If Polycarp were to state that he lives his life as if gobear would not con him, he can point to evidence backing that statement up. He can testify to positive actions that gobear has taken, with firsthand knowledge. He can introduce me to gobear and I can meet him myself and find him an overall good fellow. On the other hand, what evidence is there that Jesus is reliable? Can you show me persons who will testify with firsthand knowledge (or at least fairly recent knowledge) as to the positive actions of Jesus? Can Polycarp come to my house with Jesus and introduce me to Jesus as he would introduce me to gobear?

Well and good. But I have a few questions.

What happens when your faith is not in things not seen, but things seen incorrectly. Don’t creationists operate out of faith in the Bible, and close their eyes to all evidence against their faith?

And what does faith lead to? Internal worship, of course. Poly’s faith leads only to good deeds, no doubt, but what about the man whose faith leads him to evil deeds? The only argument against him must include rationalism. How is one person’s unproven and unprovable faith better than another’s?

Faith is a choice.

I choose to believe that there is good in people. I can’t prove it or disprove it. But I would rather live my life believing and acting as if it were true.

To connect with Voyager’s question: of course some people make bad choices. They put their faith in the wrong things. I doubt that many here (or anywhere) would say that any faith is better than no faith.

This is interesting to me, and I wonder if it’s a major difference between theists and non-theists. For me, nothing I believe is a choice: I look at the world around me, think about it, and reach conclusions.

Given the thoughts I have, the evidence I see, I reach a certain conclusion inevitably. If I eat a piece of fish and believe it’s been seasoned with rosemary, it’s absolutely impossible for me to choose to believe instead that no rosemary went into its seasoning. Similarly, if I conclude that there’s no God, I can’t choose to go out and believe that there is a God.

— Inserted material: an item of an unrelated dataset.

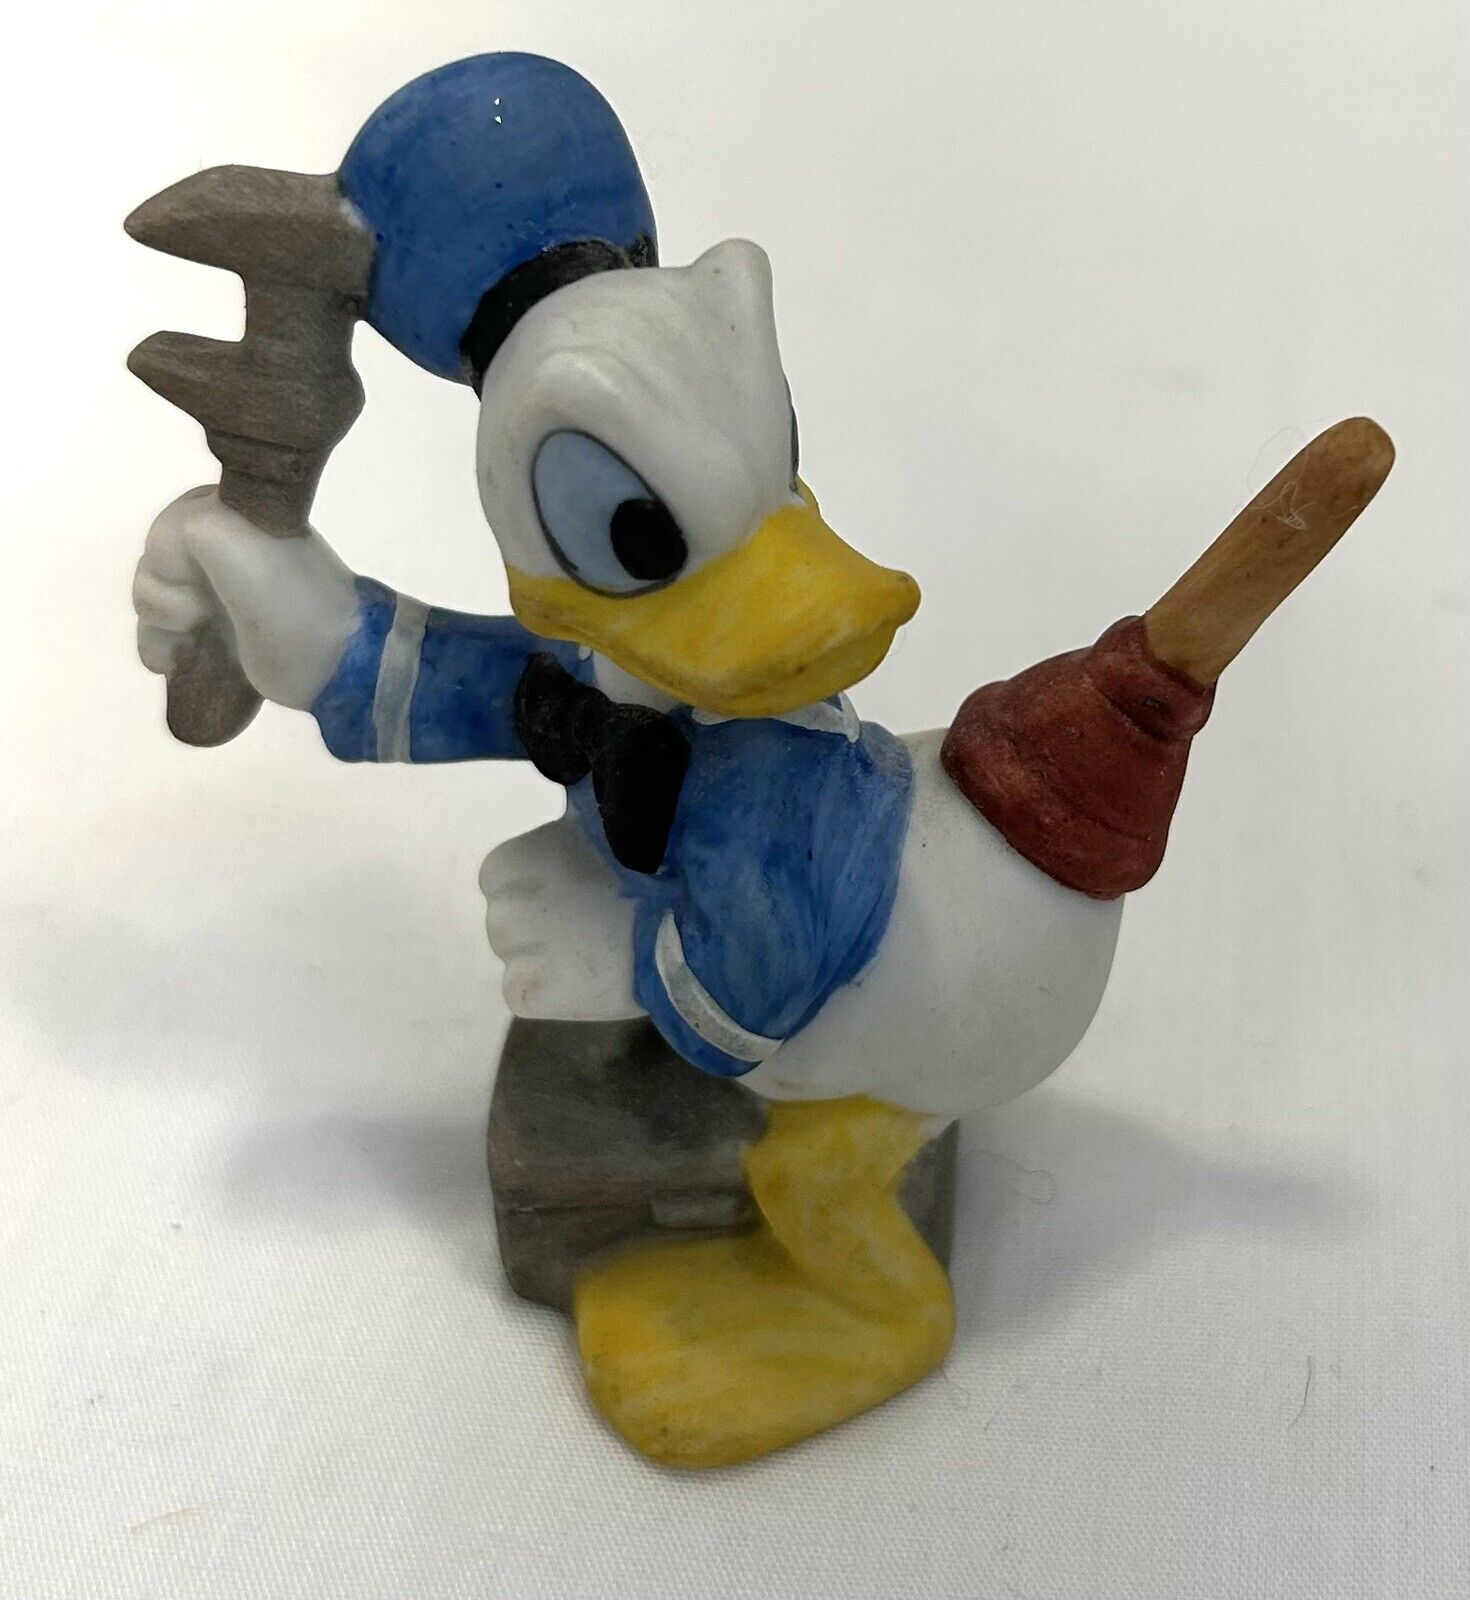 Vintage Donald Duck Holding Wrench Plunger on Tail Figurine Walt Disney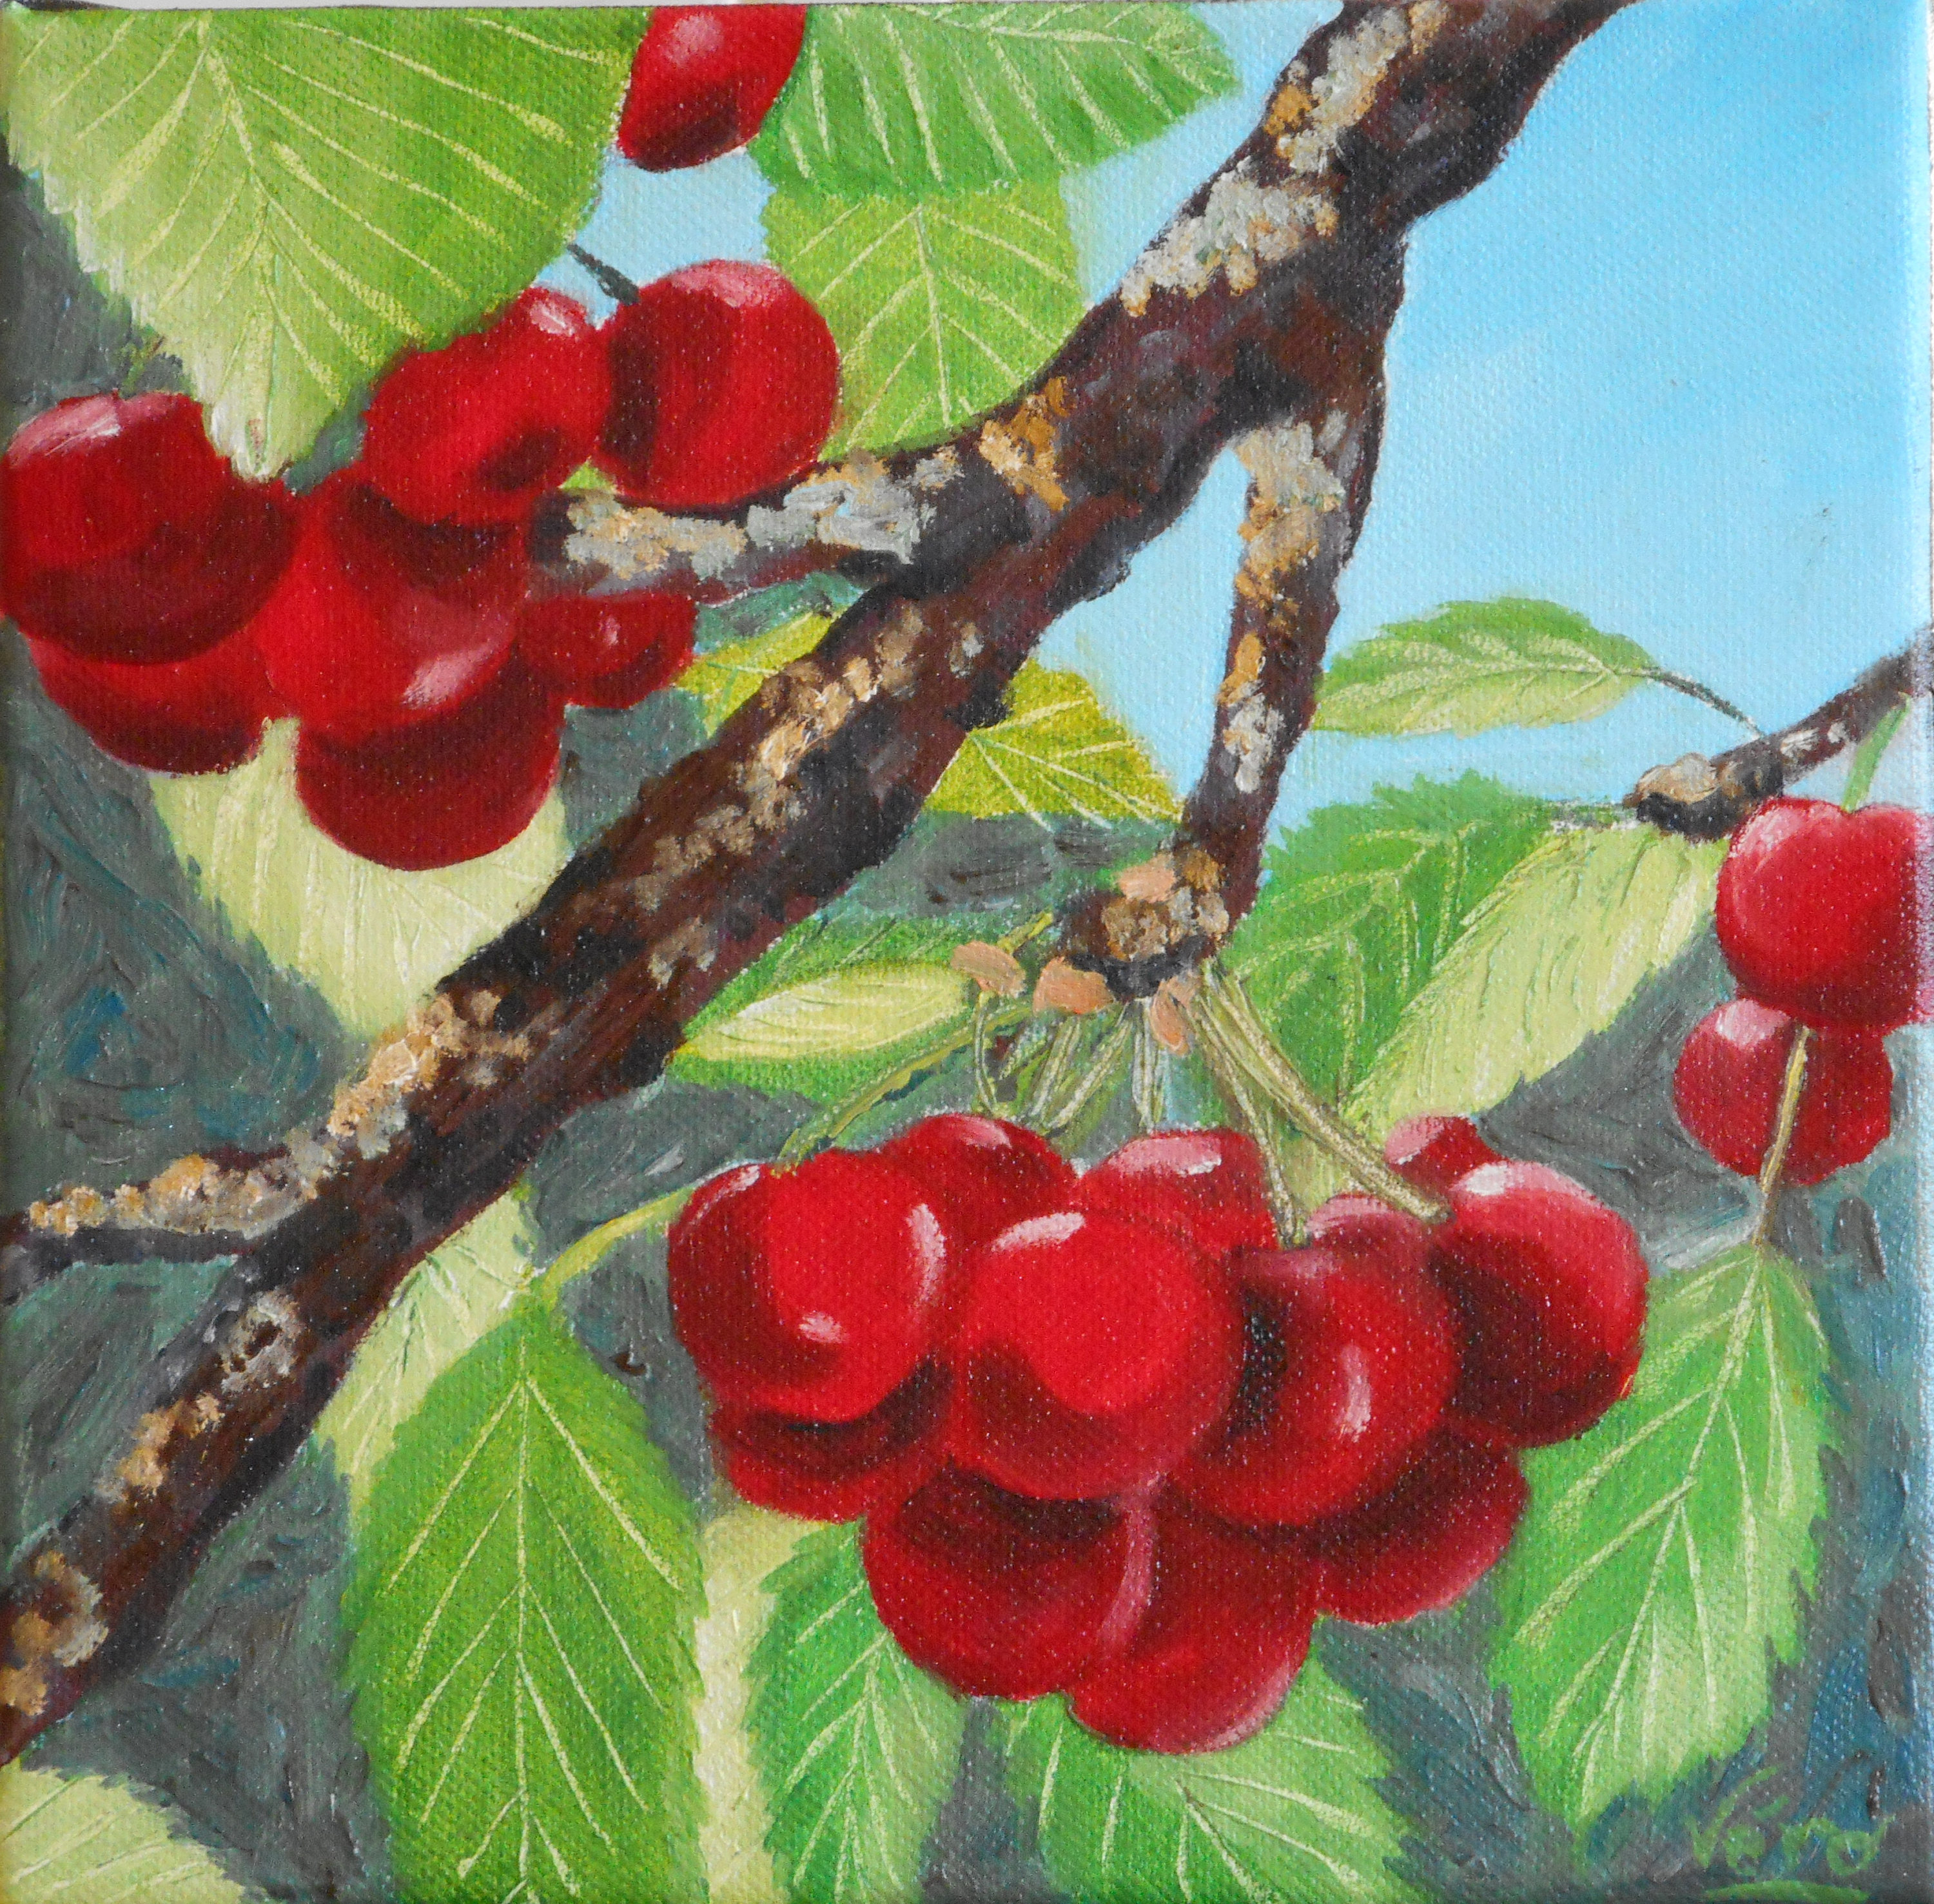 Buy Oil Cherry Paint or Small Format Fruit Painting Handmade Online in - Etsy

I’ve heard theists say that they can choose to believe in things. Maybe faith can be defined as “a chosen belief”?

I can pretend to believe in something if I want; when I read a good novel, I pretend to believe it’s all happening for real, and I can forget that I’m pretending–but if someone asks me whether I believe it’s for real, then I’ll know that I have no such belief. I’ll know that I’m pretending.

Faith seems to be, not about pretending to believe in something, but about choosing to believe in it.

Is this accurate?
Daniel

I don’t know if it’s a major difference between theists and non-theists–I’m a theist and I don’t think that belief is a choice, and it follows that I don’t think faith is a choice.

You can choose to think about something or to try and acquire knowledge, but, if you’re being honest with yourself, you can’t make an a priori control decision about what conclusions you’ll draw: An intellectually honest person can’t say “I’m going to read the Bible, and afterwards I’m going to believe in Jesus.”

Strike “control” from the phrase “a priori control decision.”

I think the argument being made by atheists is that there is insufficient evidence in the bible (or torah, or koran, or any other religious manuscript for that matter) in order to provide substantive proof to support a faith in a deity. At best, the arguments within these texts are circular and don’t stand up to strict logic.

Faith, as theists see it, doesn’t require proof nor does it need to stand up to rigors of logic. Faith must grow from one’s own willingness and desire to accept certain concepts as personal truths.

I don’t see how the second sentence follows from the first. I may not be able to prove to you that something exists, but that doesn’t mean I haven’t had experiences that I can internally reason with, even if I can’t prove or demonstrate the underlying conditions of that reasoning to you. I can have a religious experience or make a subjective decision, and I can “prove” neither of them to another, but I can still conclude from them that there’s a God (or whatever).